Previously, the main options for assisting walking were orthoses and electrical stimulation [5, 6], but neither has proven to be widely utilised. In addition, individuals with SCI have an increased risk of medical complications, such as pressure ulcers, pulmonary infections and urinary tract infections [7]. In recent years, robotic exoskeletons have become available and improved the quality of life of people with complete lower extremity paralysis after SCI by enabling them to walk [8]. Since 2014, powered exoskeletons, such as the ReWalk (ReWalk Robotics Ltd, Israel), Indego (Parker, USA), Ekso (EksoLabs, USA), REX (Rex Bionics, Australia) and Hybrid Assistive Limb (Cyberdyne, Japan), have been used to assist with mobility in individuals with SCI [9]. Powered exoskeletons recently emerged as new tools for robot-assisted gait training [10, 11].
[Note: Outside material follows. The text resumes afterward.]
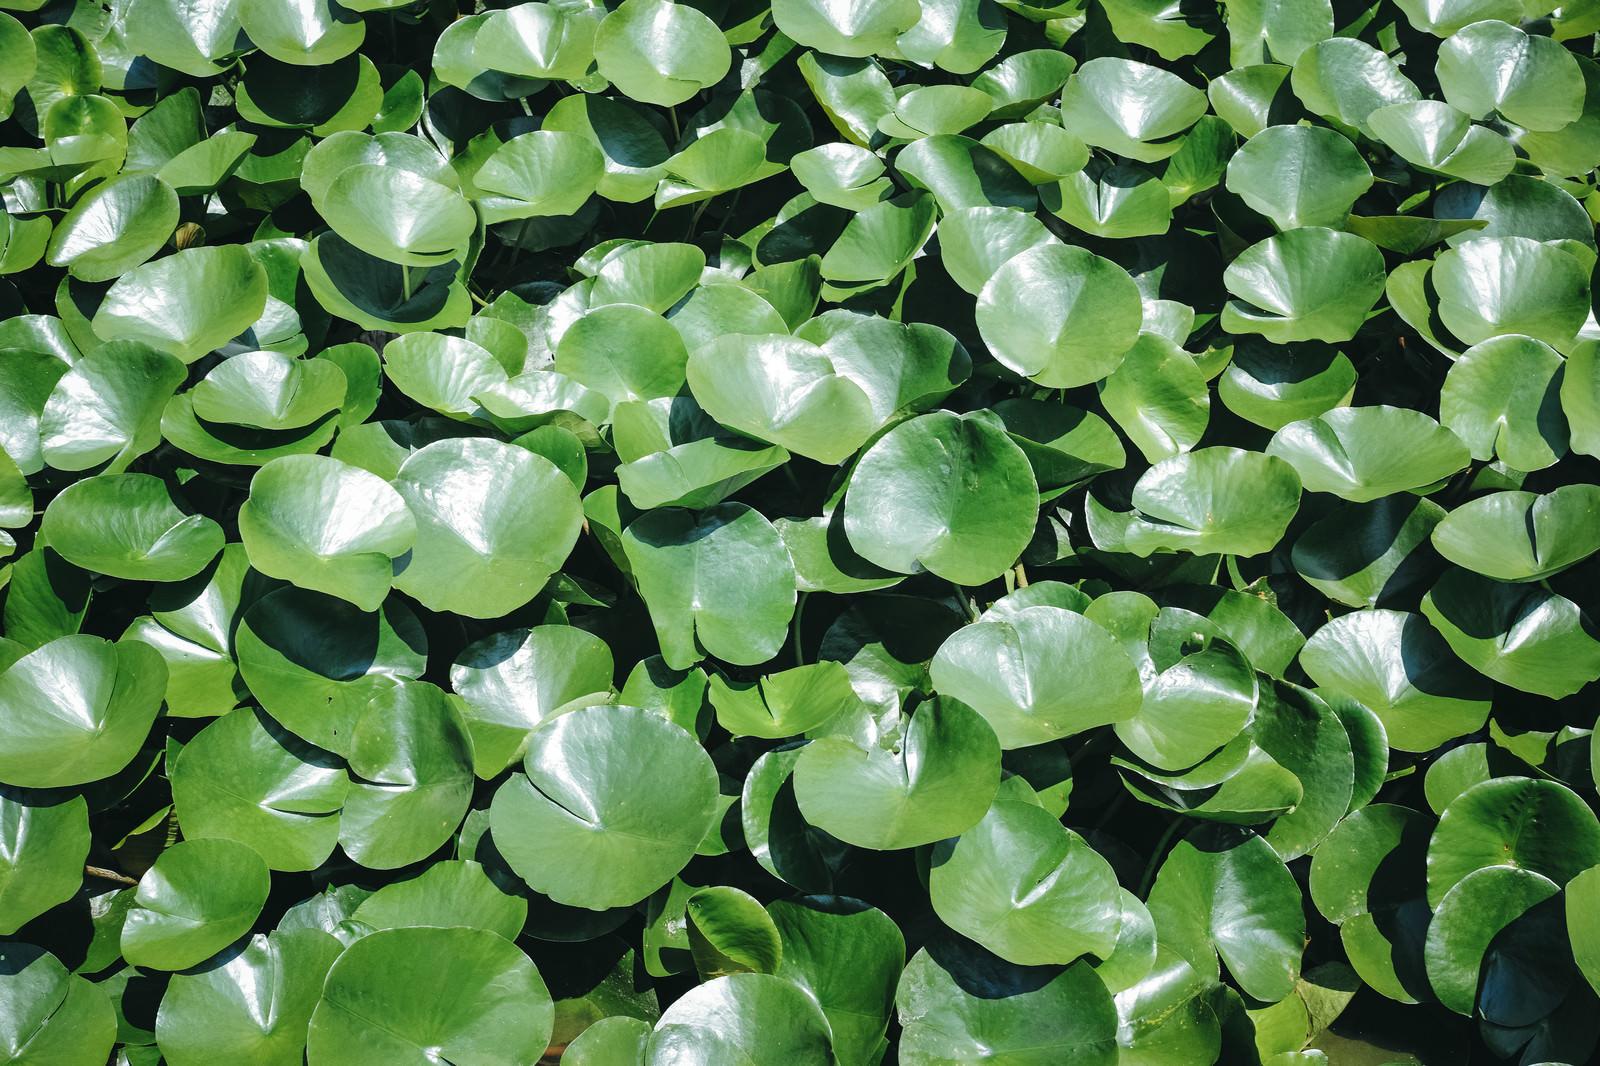 「艶のある葉っぱ」の写真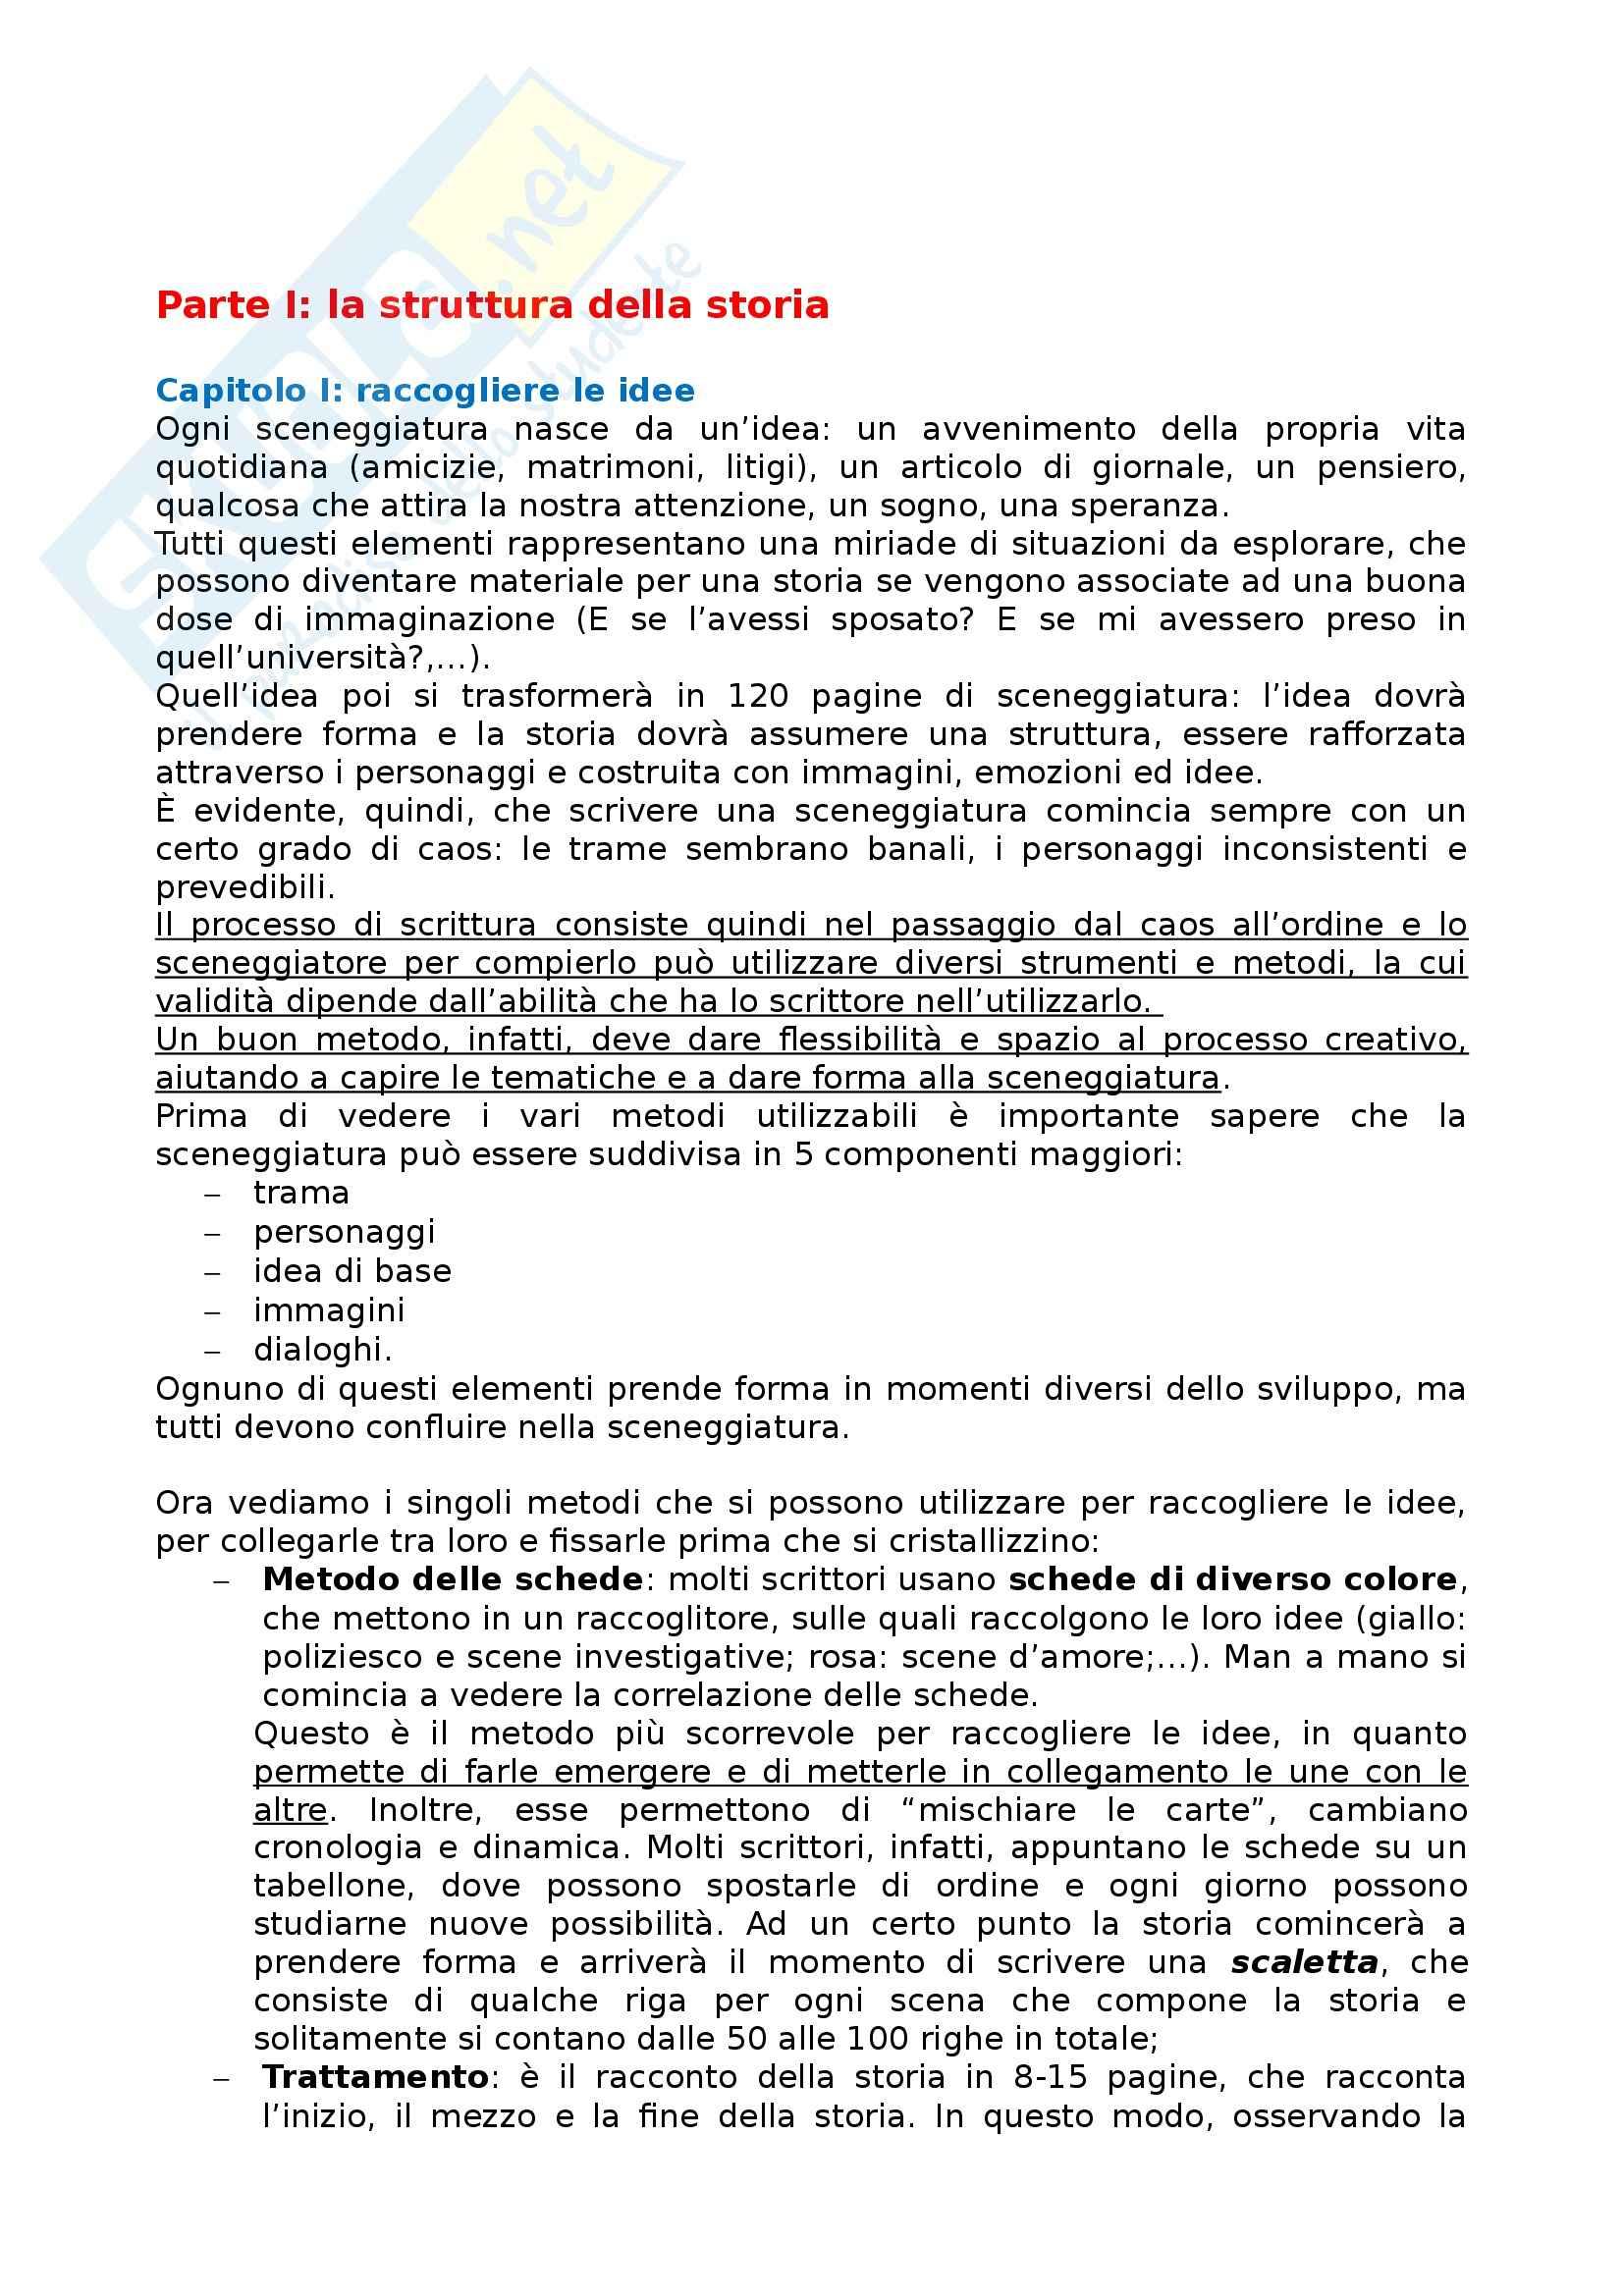 Riassunto esame Semiotica, prof. Fumagalli, libro consigliato Come scrivere una grande sceneggiatura, Seger

However, powered robotic products are expensive, which increases the economic burden on society as a whole. In this situation, it seems difficult to popularise powered robotic walking training widely. To provide a more economical alternative to these expensive products, this study focused on a new and cheaper device for individuals with SCI. Moreover, few studies have examined the potential usefulness of exoskeleton robots in walking training programmes; as a result, the clinical evidence-based support for rehabilitation robotic exoskeletons is still not sufficient. No study has presented this robotic exoskeleton previously. To fill the gap existing in the literature, we recruited individuals with SCI and then described the safety indicators and their walking parameters during an exoskeletal-assisted walking (EAW) programme with the new robotic exoskeleton. The purpose of this study was to provide initial evidence for the effects of using a new robotic exoskeleton as a training mobility device in people with lower extremity paralysis and to ensure the safety of the device.

Methods

Participants

A total of 158 individuals who had been treated in three tertiary referral hospital rehabilitation units in China in the past 4 years were screened. These units operated under similar clinical standards and policies. Recruitment of eligible participants was performed by verbal communication at in- and outpatient facilities. Participants were included if they were between 15 and 75 years old, had a traumatic or non-traumatic SCI, had a T6-L1 level of injury, and met international standards for the neurological classification of an SCI [12]—A or B. Other inclusion criteria included understanding the purpose of the study, sufficiently adhering to the study protocol, and giving informed consent according to the 1964 Declaration of Helsinki. Exclusion criteria included muscle tone of any lower limb muscle greater than a 1+ grade according to the modified Ashworth scale, uncontrollable orthostatic hypotension, untreated or active extremity fractures, active deep venous thrombosis of an extremity, and medical instability. Data collection was completed from April 2018 to July 2018.

Protocol and process

The training protocol consisted of gait training for 30 min/session, one session/day, 5 days/week for 2 weeks, and the training protocol was considered completed if more than half of the sessions were attended. Each session consisted of sitting, standing, transitioning between the two, and walking with a brief rest period. The apparatus was a new powered lower limb robotic exoskeleton (AIDER, Buffalo Robot Technology Co. Ltd, China), which consisted of the device body, a crutch, matched power adaptors and a binding device. The crutches were used as assistive devices. The main body was composed of a battery and the main controller component, a hip-joint component, a thigh component, a lower-leg component and a sole component (as shown in Fig. 1). The length of the exoskeletal thigh and calf were adjusted according to the individual. Control in the walking mode was set at maximum assistance. Participants performed the walking programme with the robotic exoskeleton along with the usual basic rehabilitation therapies. The assessors did not participate in the daily training and did not know the treatment protocol for anyone.

Fig. 1
figure 1

The AIDER.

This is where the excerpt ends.